**PROMPT:**
Should the listing contain images, exclude them; give the rest again exactly.

**SOURCE DATA:**
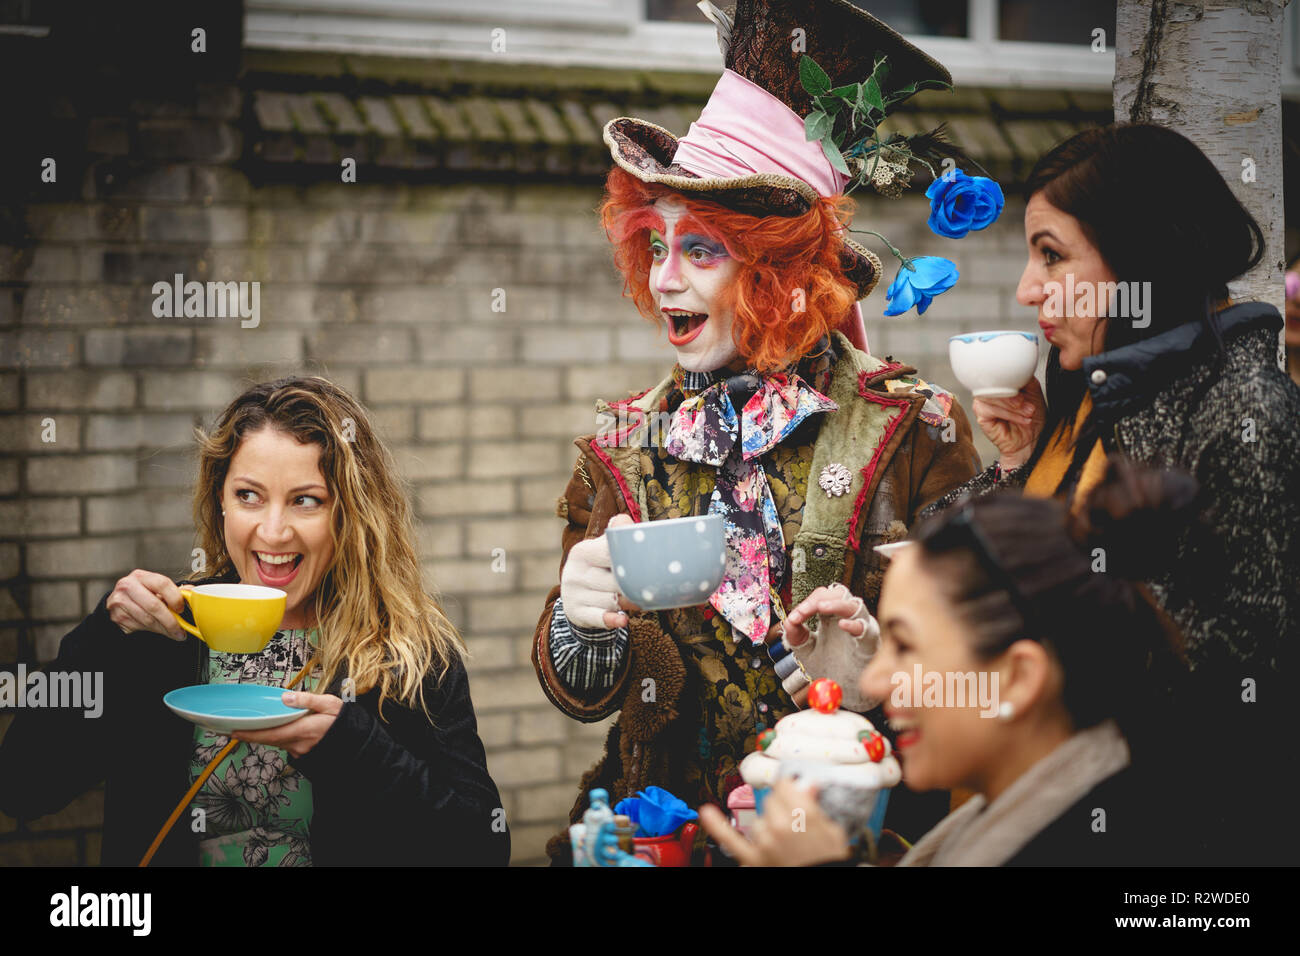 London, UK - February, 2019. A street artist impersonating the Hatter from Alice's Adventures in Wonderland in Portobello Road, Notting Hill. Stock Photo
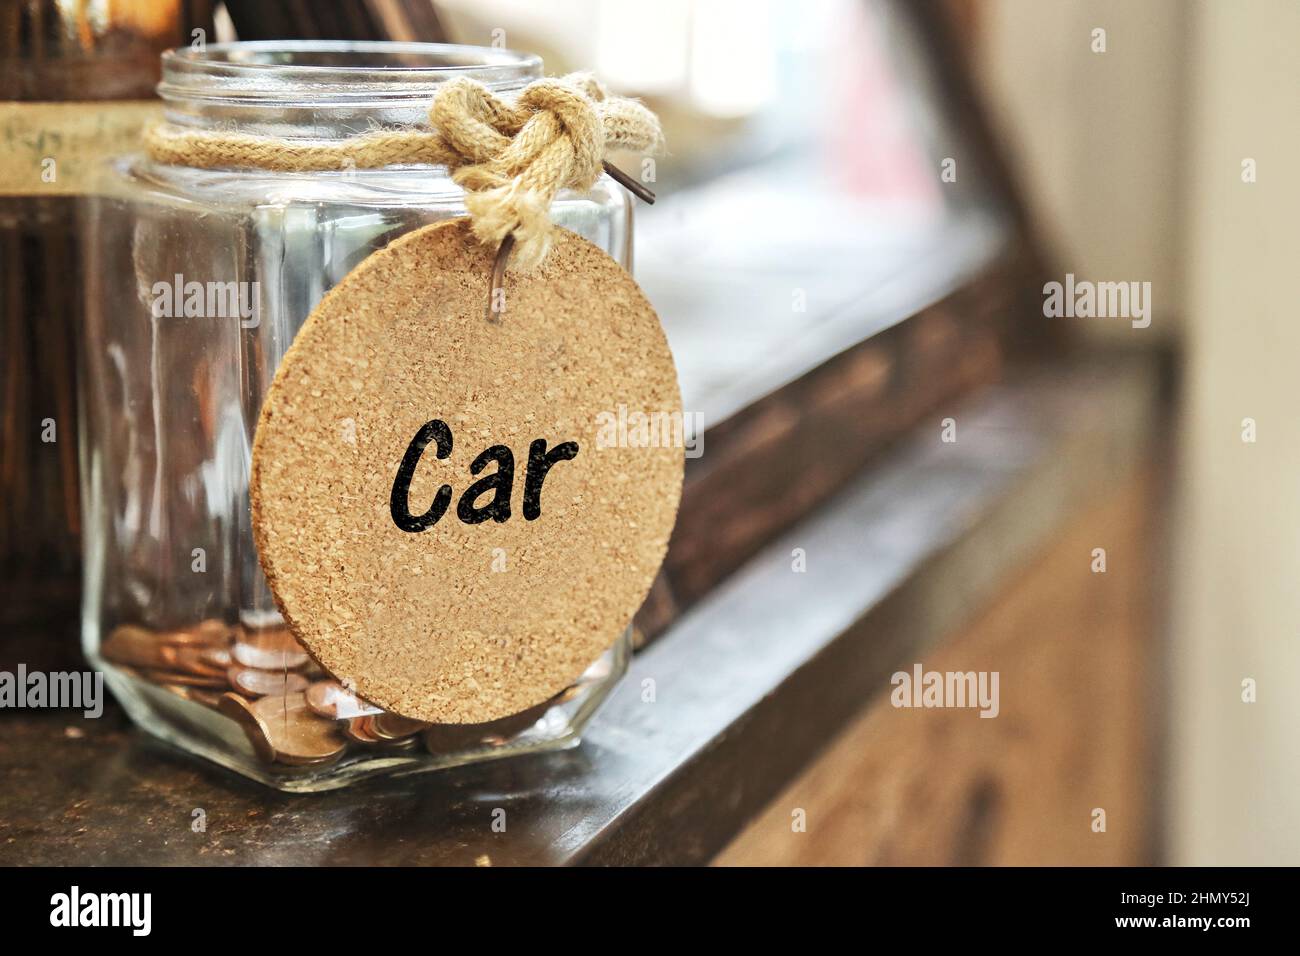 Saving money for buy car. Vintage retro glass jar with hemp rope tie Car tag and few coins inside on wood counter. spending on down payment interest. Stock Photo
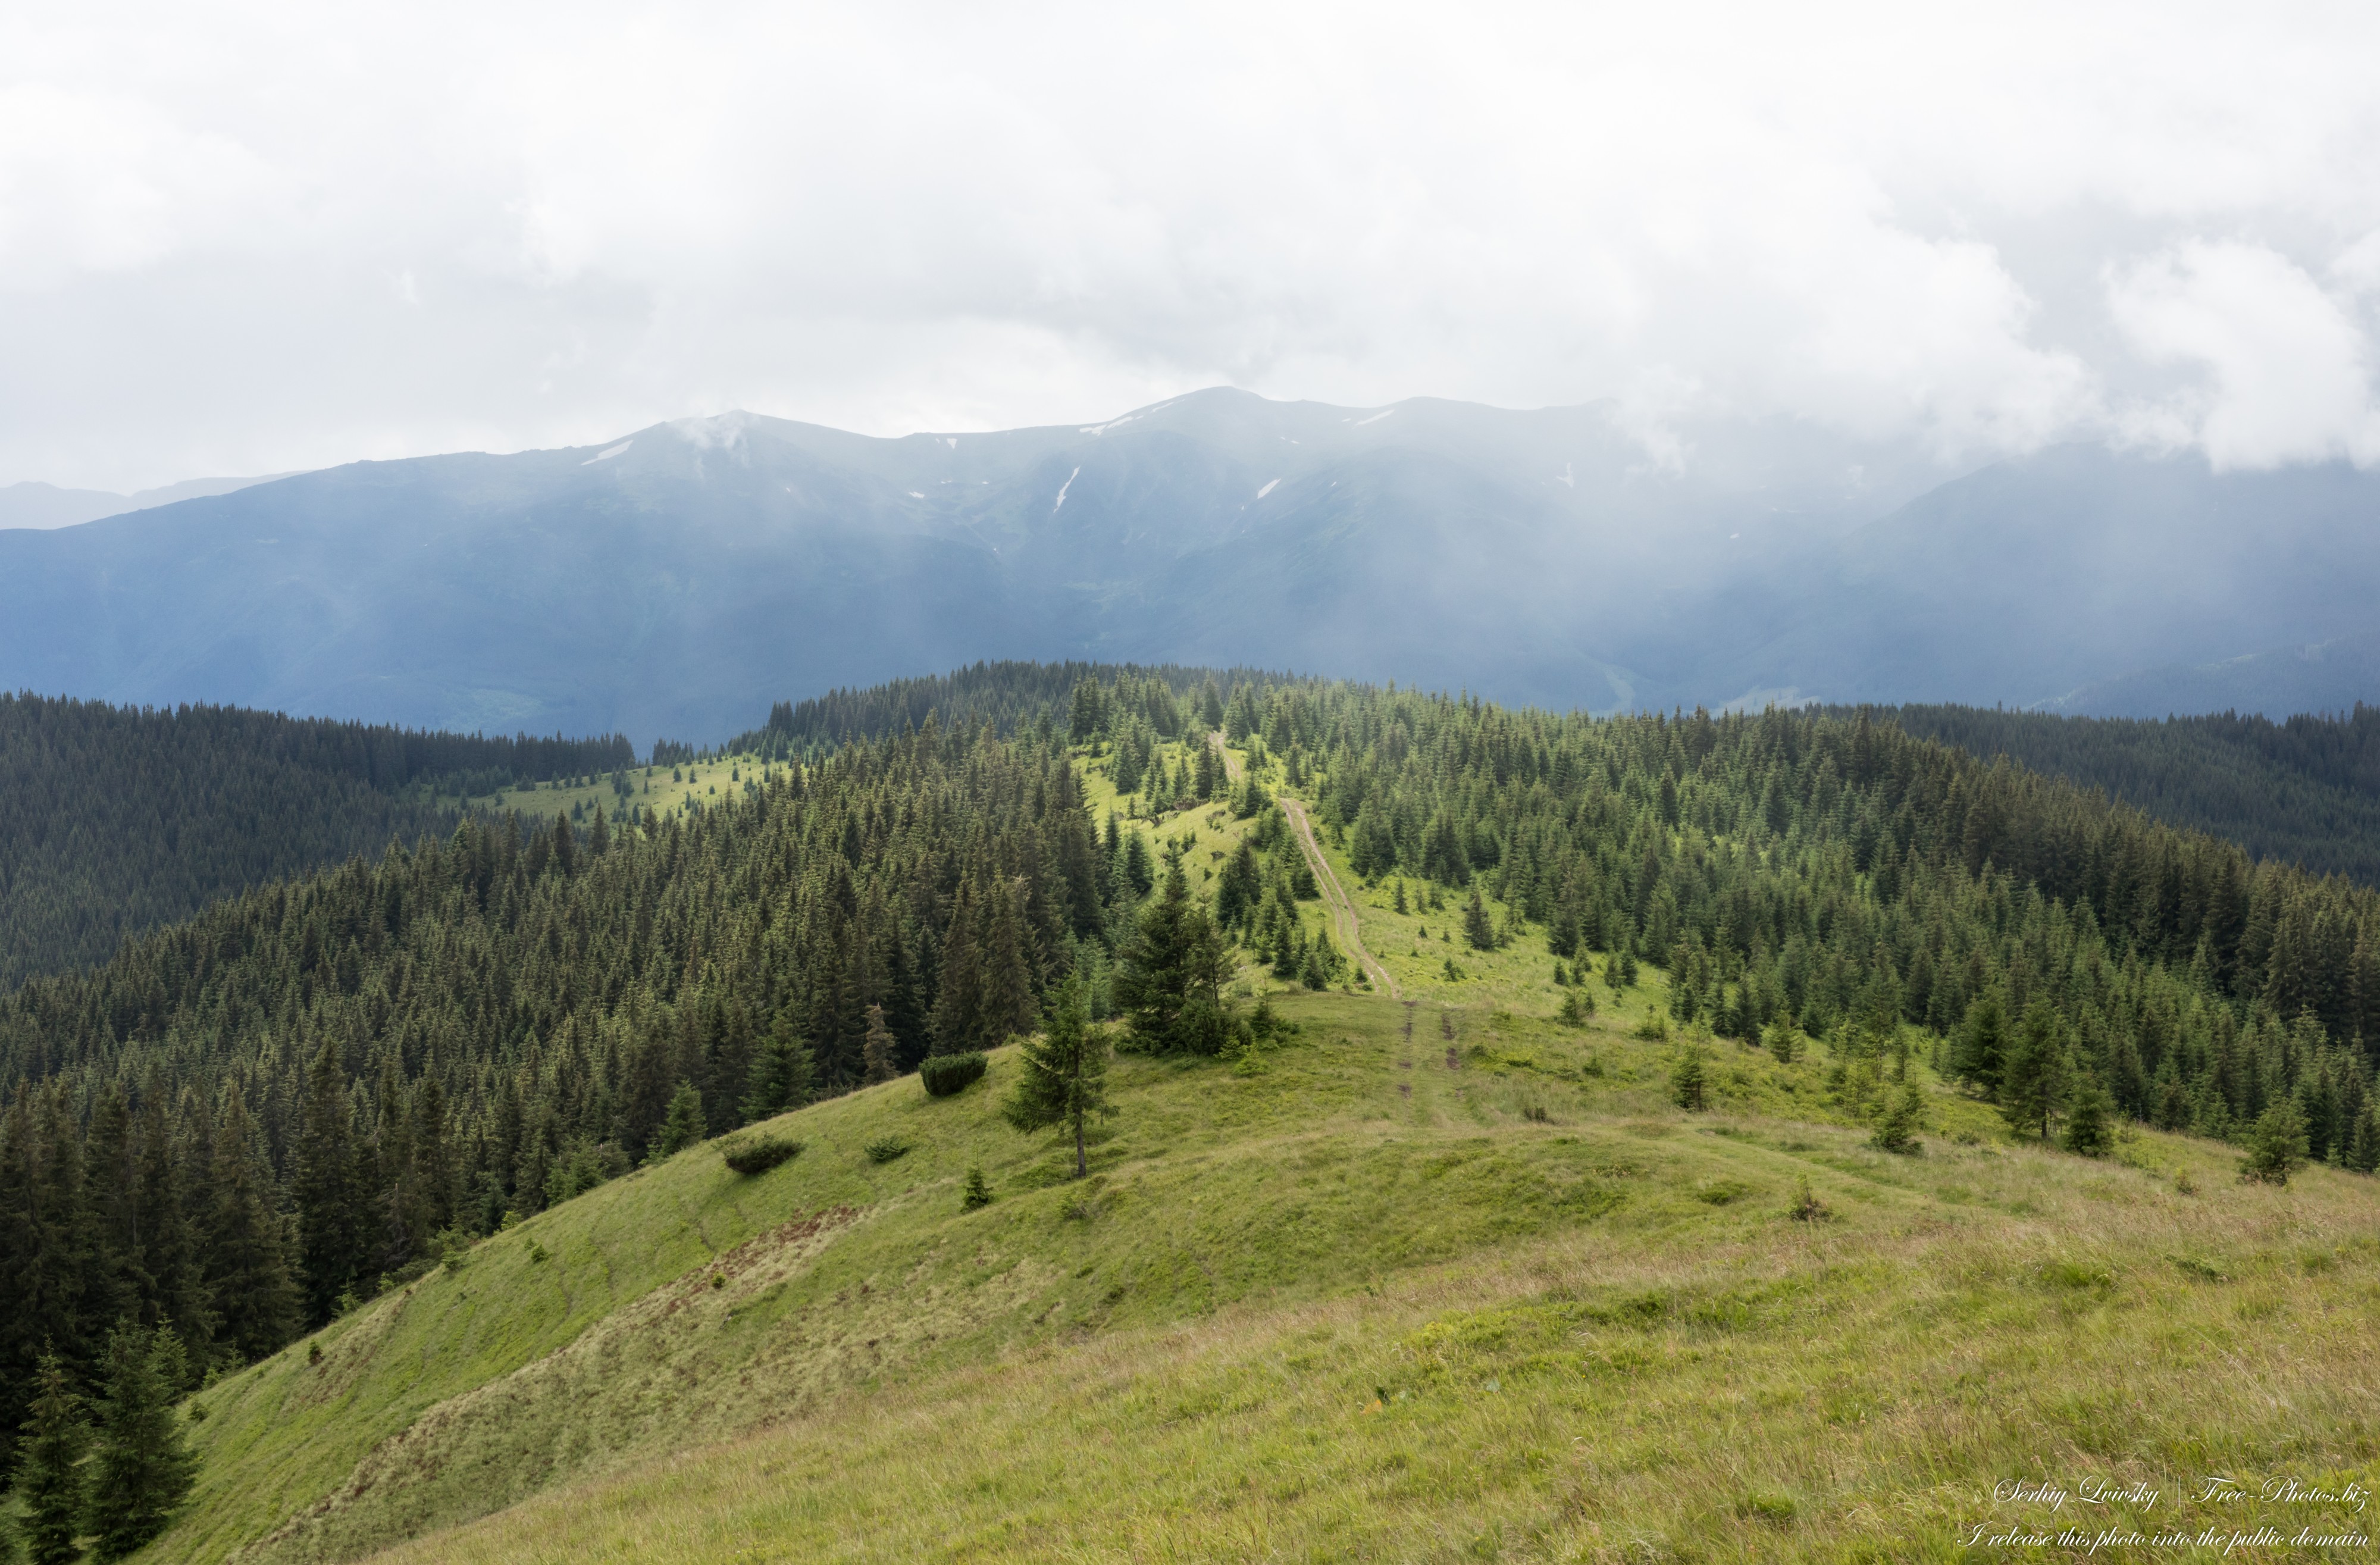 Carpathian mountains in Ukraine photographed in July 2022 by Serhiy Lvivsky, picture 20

**RESULT:**
 London, UK - February, 2019. A street artist impersonating the Hatter from Alice's Adventures in Wonderland in Portobello Road, Notting Hill. Stock Photo
 Saving money for buy car. Vintage retro glass jar with hemp rope tie Car tag and few coins inside on wood counter. spending on down payment interest. Stock Photo
 Carpathian mountains in Ukraine photographed in July 2022 by Serhiy Lvivsky, picture 20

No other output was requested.